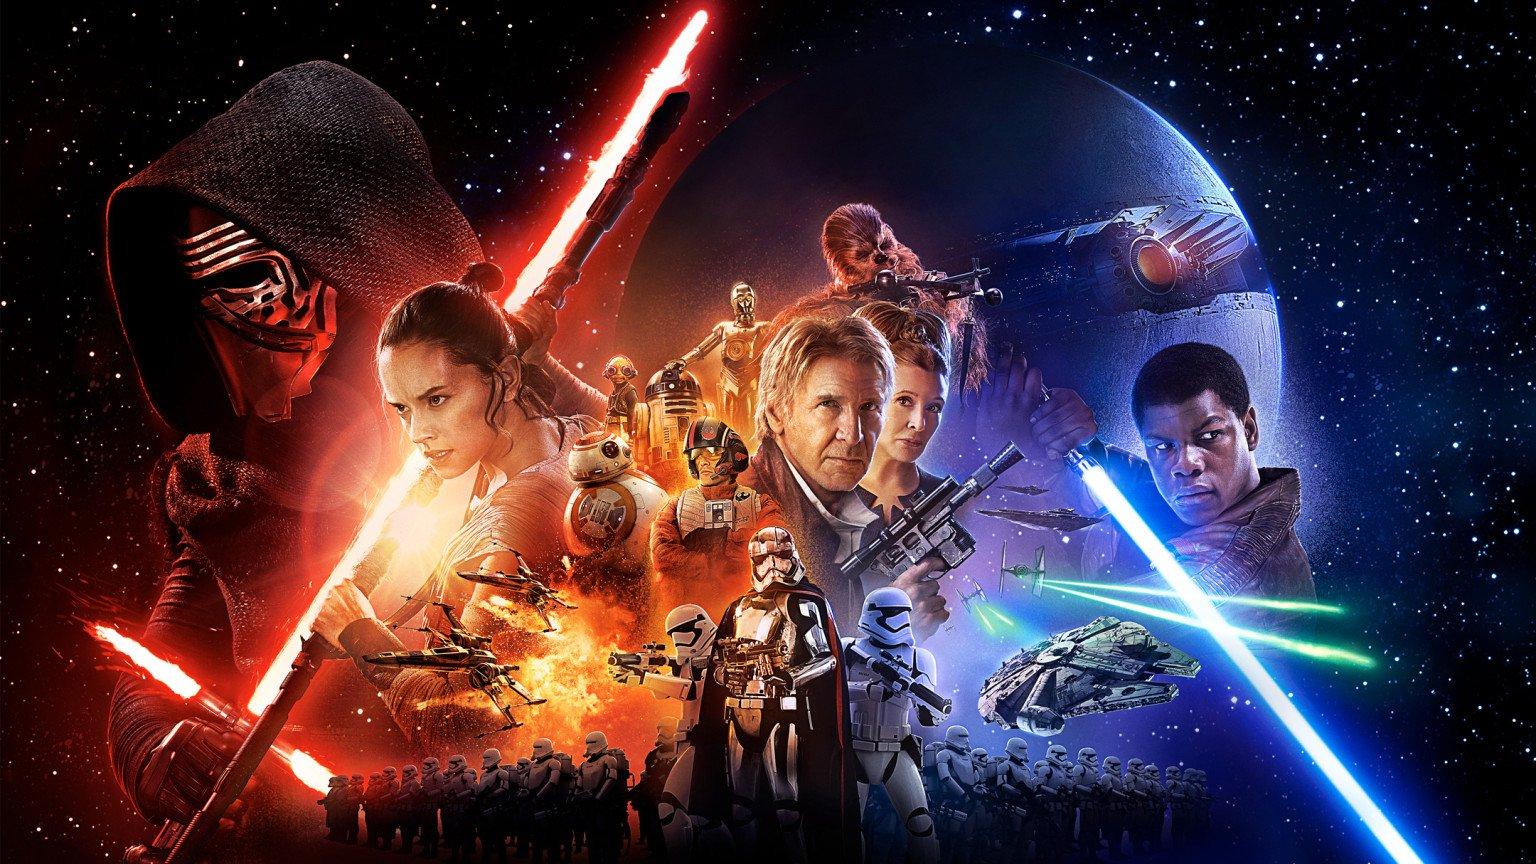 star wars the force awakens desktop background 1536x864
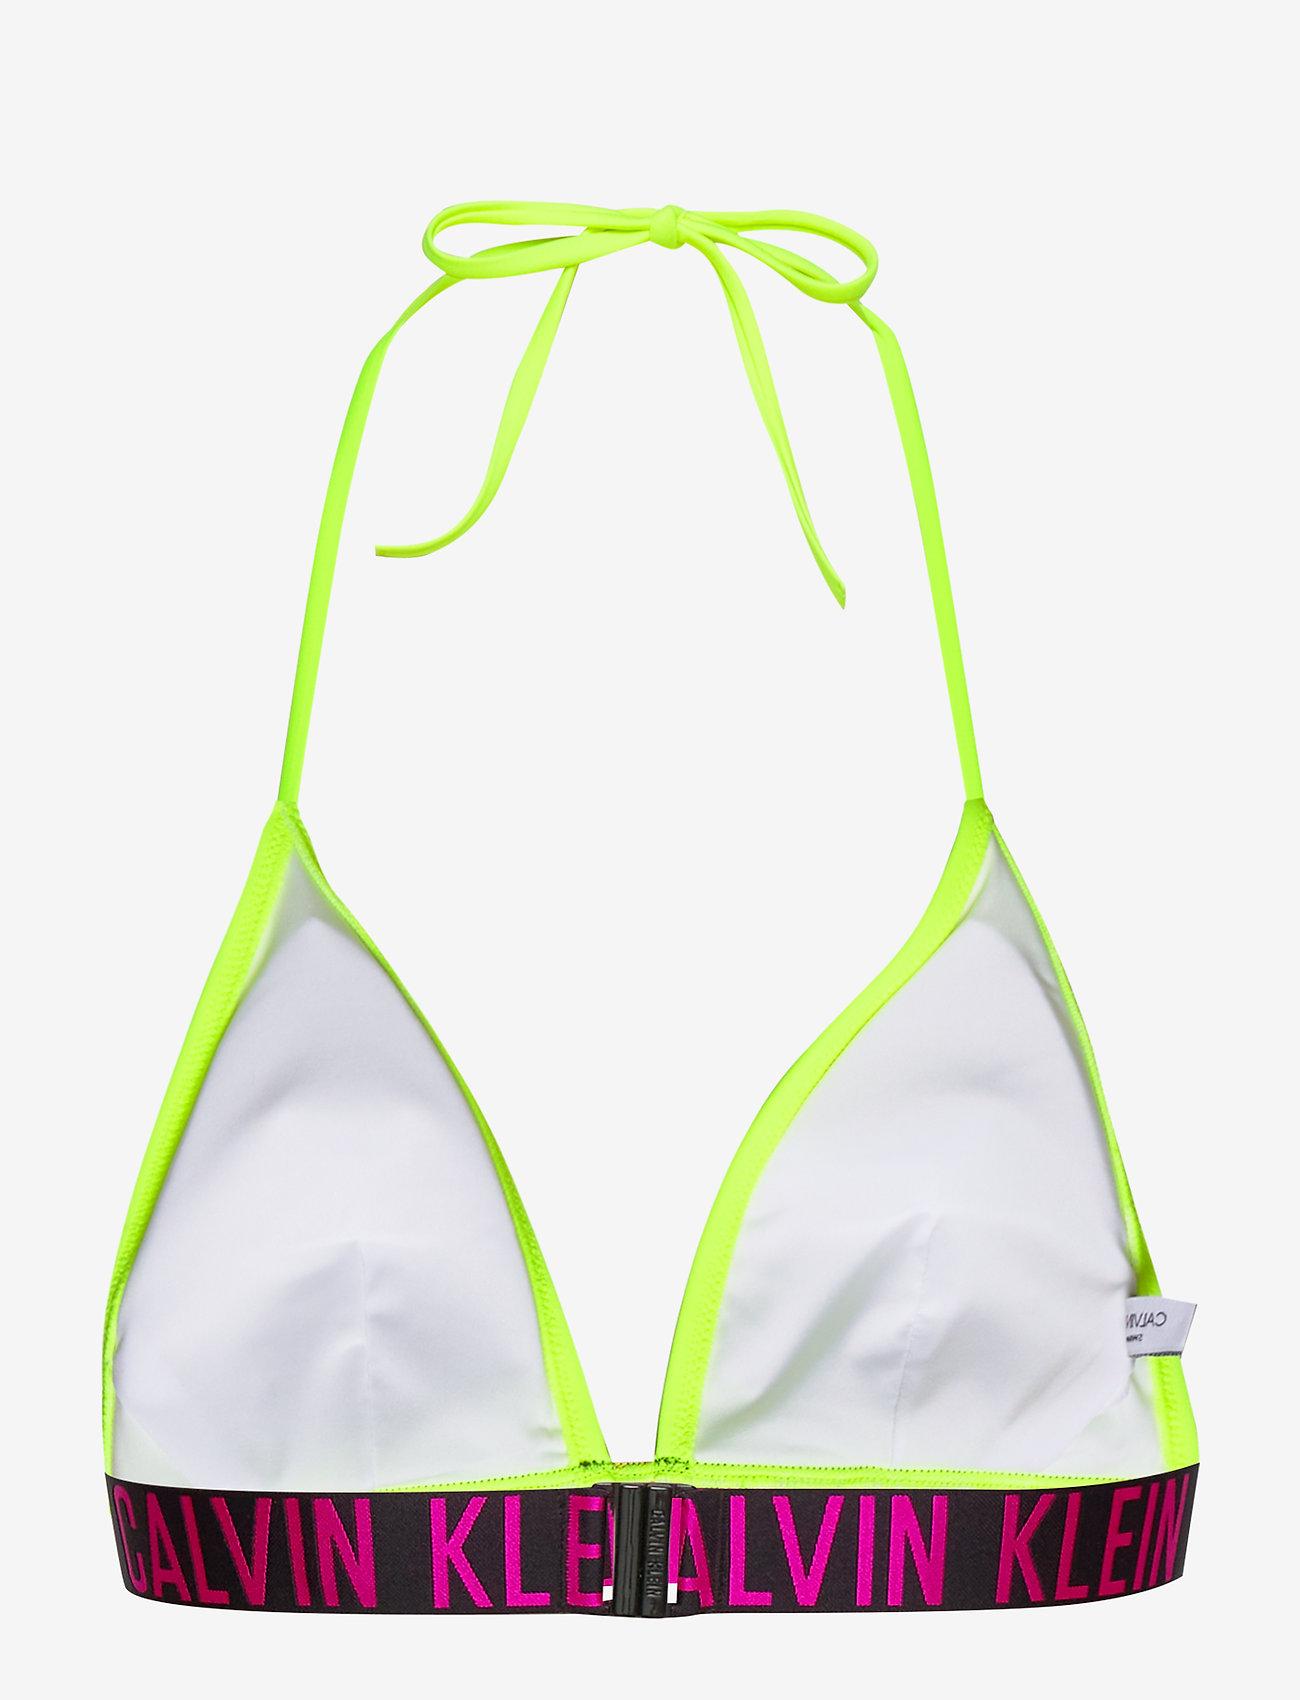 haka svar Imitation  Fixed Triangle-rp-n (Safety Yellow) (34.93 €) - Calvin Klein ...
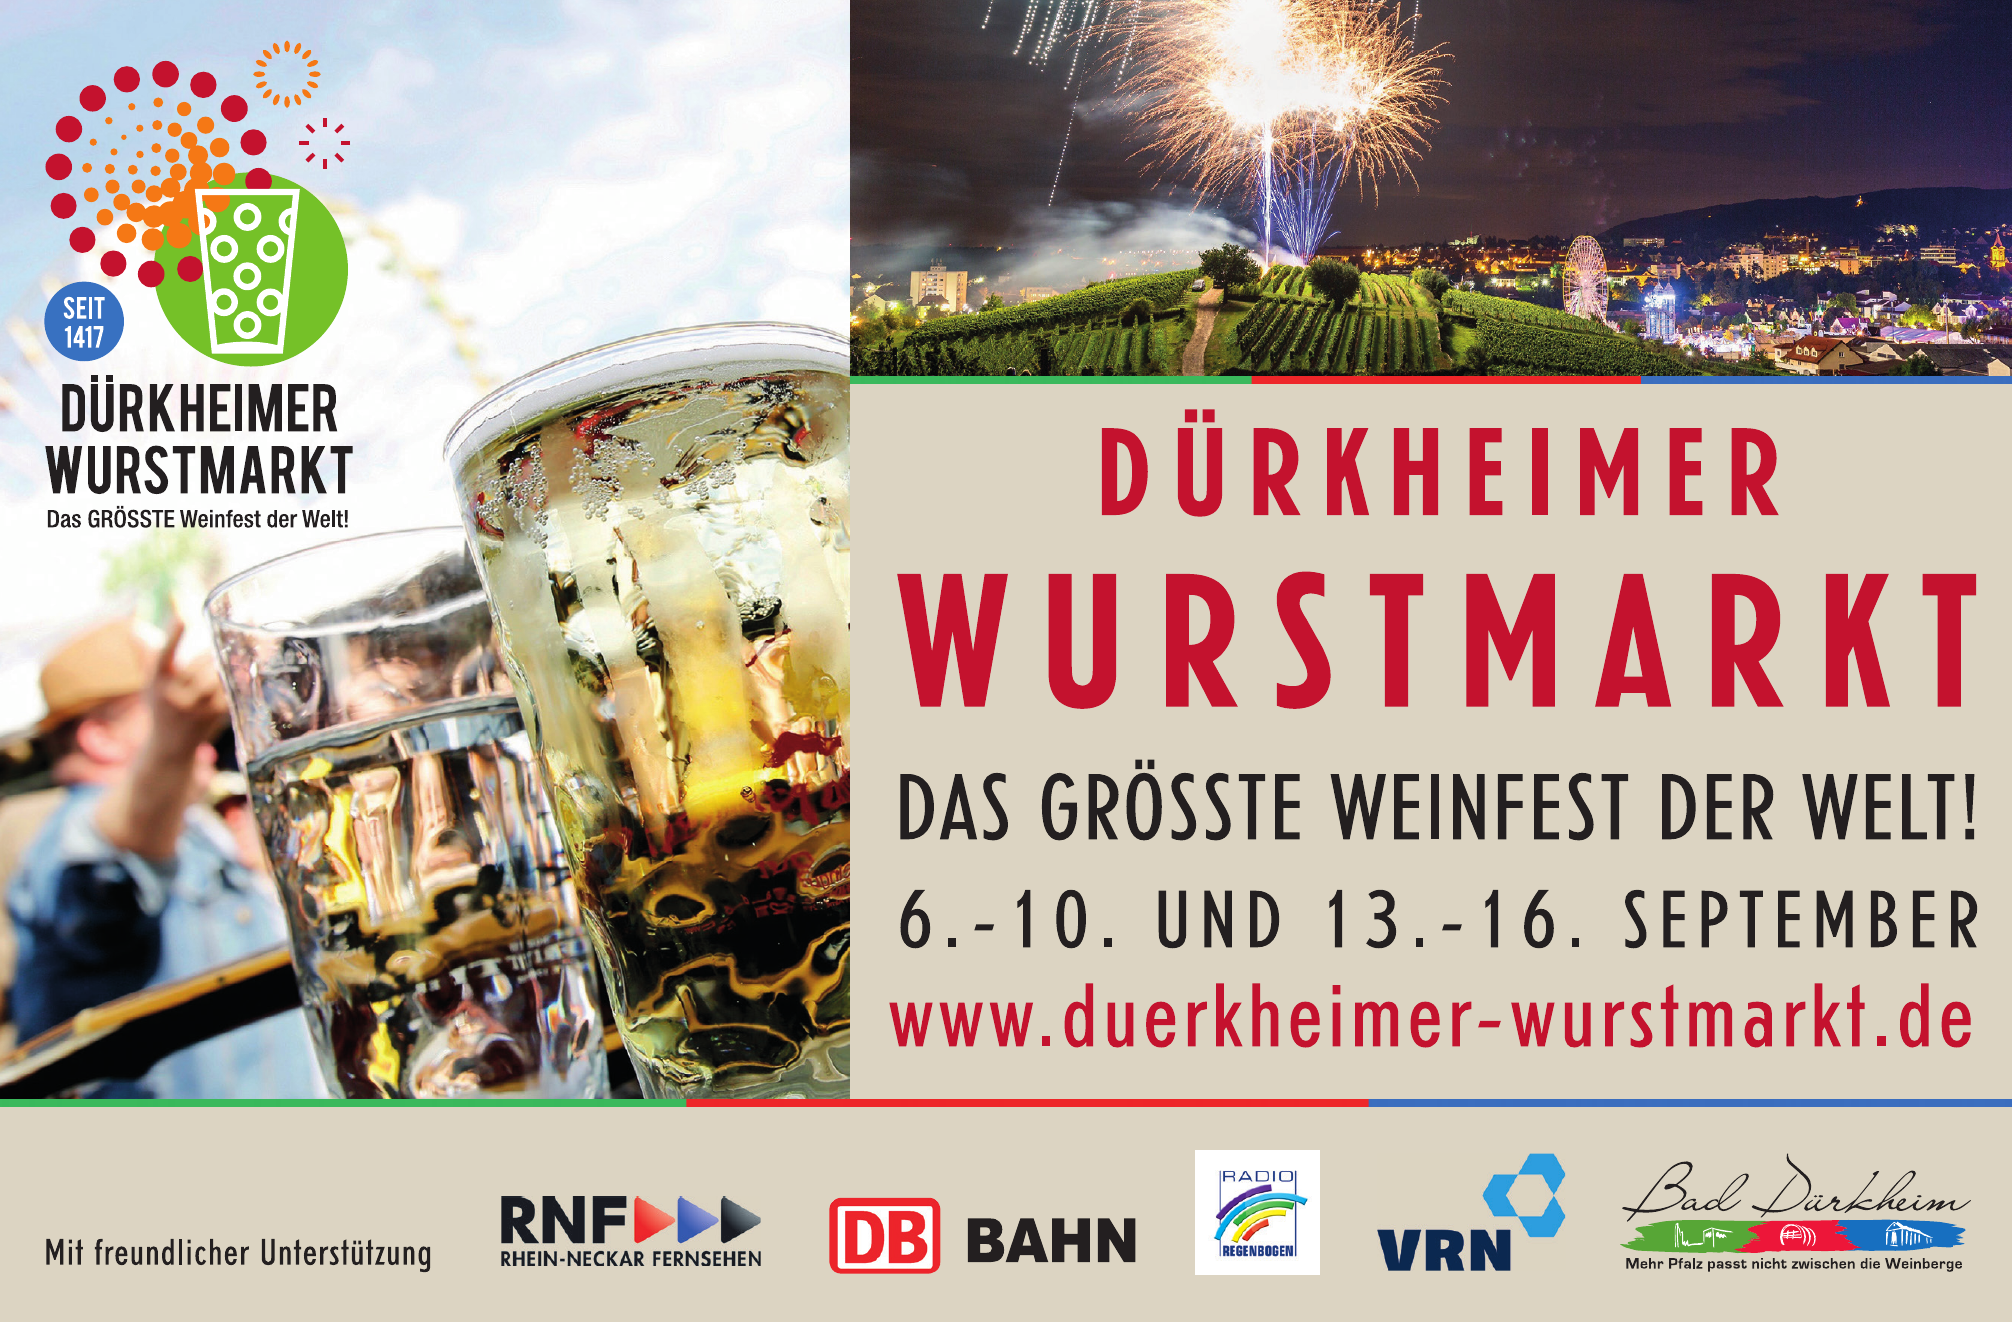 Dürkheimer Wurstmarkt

INSTRUCTIONS TO FOLLOW >> The data above should be repeated exactly, minus any pictures.

TASK RESULT >>
 star wars the force awakens desktop background 1536x864
 haka svar Imitation  Fixed Triangle-rp-n (Safety Yellow) (34.93 €) - Calvin Klein ...
 Dürkheimer Wurstmarkt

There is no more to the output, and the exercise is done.